Latin America

Peru Congress Tentatively Approves Plan to Hold Elections in 2024 Amid Unrest

The measure has the backing of caretaker President Dina Boluarte, who took over from Castillo after the former schoolteacher tried to dissolve Congress on Dec. 7

AP Photo/Hugo Curotto

Peru’s Congress tentatively endorsed a plan on Tuesday to hold early elections in 2024 in an attempt to defuse a national political crisis after lawmakers ousted President Pedro Castillo.

The proposal, approved by a two-thirds majority of the legislature, would push up to April 2024 elections for president and congress originally scheduled for 2026. The plan — part of a narrow constitutional amendment — must be ratified in the next annual legislative session for it to take effect.

The measure has the backing of caretaker President Dina Boluarte, who took over from Castillo after the former schoolteacher tried to dissolve Congress on Dec. 7 — a move widely condemned by even his leftist supporters though it touched off deadly nationwide protests that continue. After the failed move, Castillo was swiftly arrested.

The early elections proposal failed to muster enough votes last week after leftist lawmakers abstained, conditioning their support on the promise of a constitutional assembly to overhaul Peru's political charter — something that conservatives denounce as putting Peru's free market economic model at risk. On Tuesday, they dropped that demand.

“Don’t be blind,” Boluarte said over the weekend, slamming lawmakers for not listening to voters' demands. “Look at the people and take action in line with what they are asking.”

But even as Boluarte seeks to restore order, her caretaker government is being buffeted by fellow leftists. Chief among them is Mexican President Andrés Manuel López Obrador, who has sharply critized Peru’s conservative media and business establishment for the classist, sometimes bigoted way it portrayed Castillo during his 17-month presidency.

On Tuesday, Boluarte's government expelled Mexico's ambassador, giving him 72 hours to leave the country, in protest of what it said was López Obrador's repeated and “unacceptable interference” in Peru's internal affairs.

“The statements by the Mexican president are especially grave considering the violence in our country, which is incompatible with the legitimate right of every individual to protest peacefully,” Peru's foreign ministry said in a statement.

The Peruvian statement was issued hours after López Obrador's government said it was granting asylum to Castillo's family, which took refuge at Mexico's embassy in Lima and is awaiting safe passage out of the country.

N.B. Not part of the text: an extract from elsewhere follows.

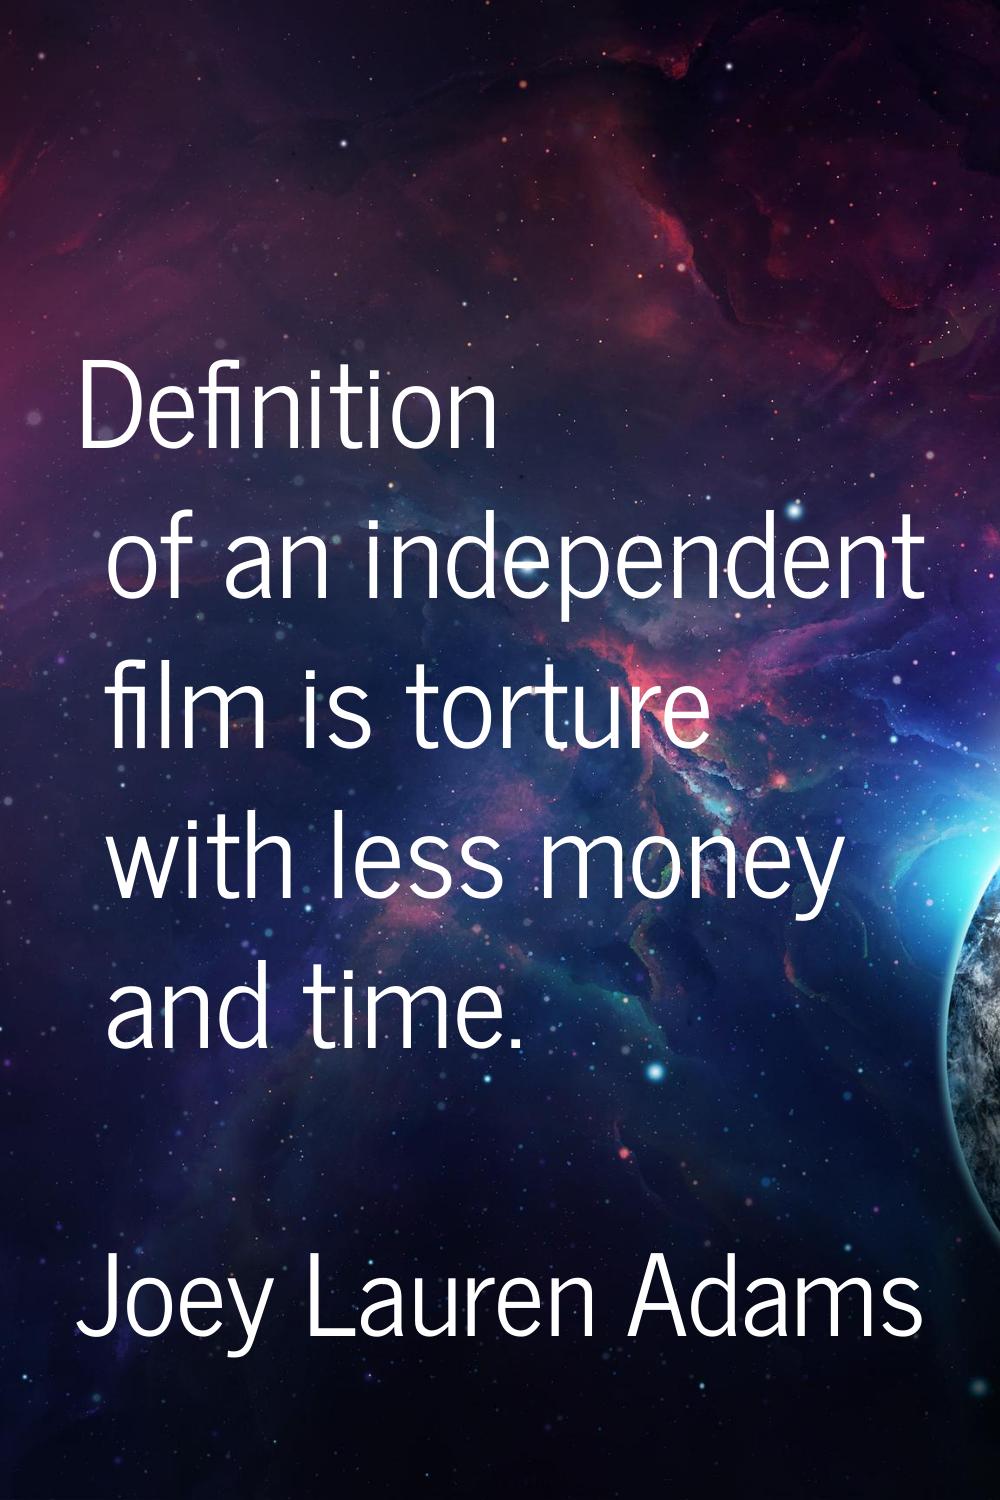 Definition of an independent film is torture with less money and time.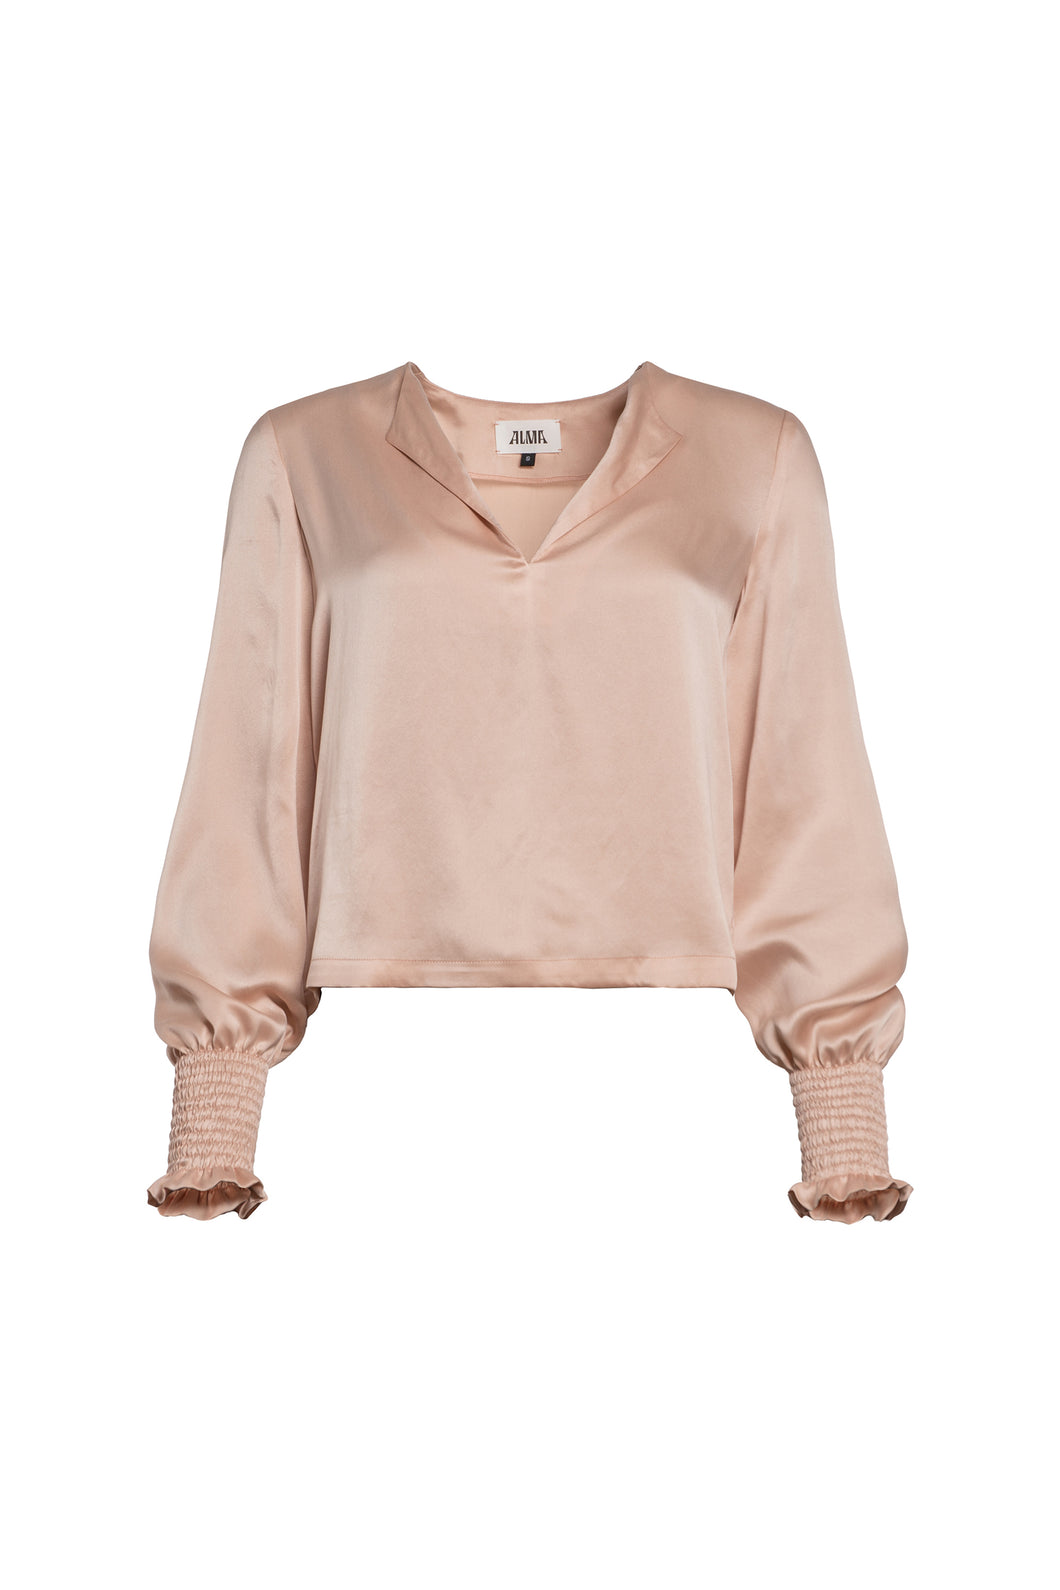 Giggle silk blouse / champagne

Castillo, a political novice who lived in a two-story adobe home in the Andean highlands before moving to the presidential palace, eked out a narrow victory in elections last year that rocked Peru's political establishment and laid bare the deep divisions between residents of the vibrant capital, Lima, and the long-neglected countryside.

Castillo's attempts to break a stalemate with hostile lawmakers by trying to dissolve Congress only deepened those tensions. Within hours of his attempted power grab, he was ousted by Congress and jailed facing a criminal investigation, accused of trying to usurp power in violation of the constitution.

Mexico’s president has reiterated his willingness to grant asylum to Castillo, who was intercepted by protesters and security forces while trying to flee to the Mexican Embassy in Lima after his bid to shutter Congress backfired.

On Monday, he said that if lawmakers reject early elections and cling to power, and the president stays, then “everything will have to be achieved by force and repression, leading to a great deal of suffering an instability for the people.”

Boluarte, who has the backing of U.S. President Joe Biden's administration and fluently speaks the native Quechua language of many protesters, has struggled to restore order since Castillo's arrest.

In several parts of the country, protesters who voted for her and Castillo's ticket last year have defied a 30-day state of emergency and taken to the streets to demand her immediate resignation.

The death toll from the unrest rose to 26 on Monday after security forces firing tear gas dispersed thousands of wildcat miners who cut off the Pan-American Highway at two vital chokepoints for more than a week, forcing truckers to dump spoiled food and fish bound for market. Hundreds have been injured.

Should lawmakers decide to push up elections, they would in essence be throwing themselves out of work. Under Peru's constitution, the 130 members of Congress are entitled to serve only a single term.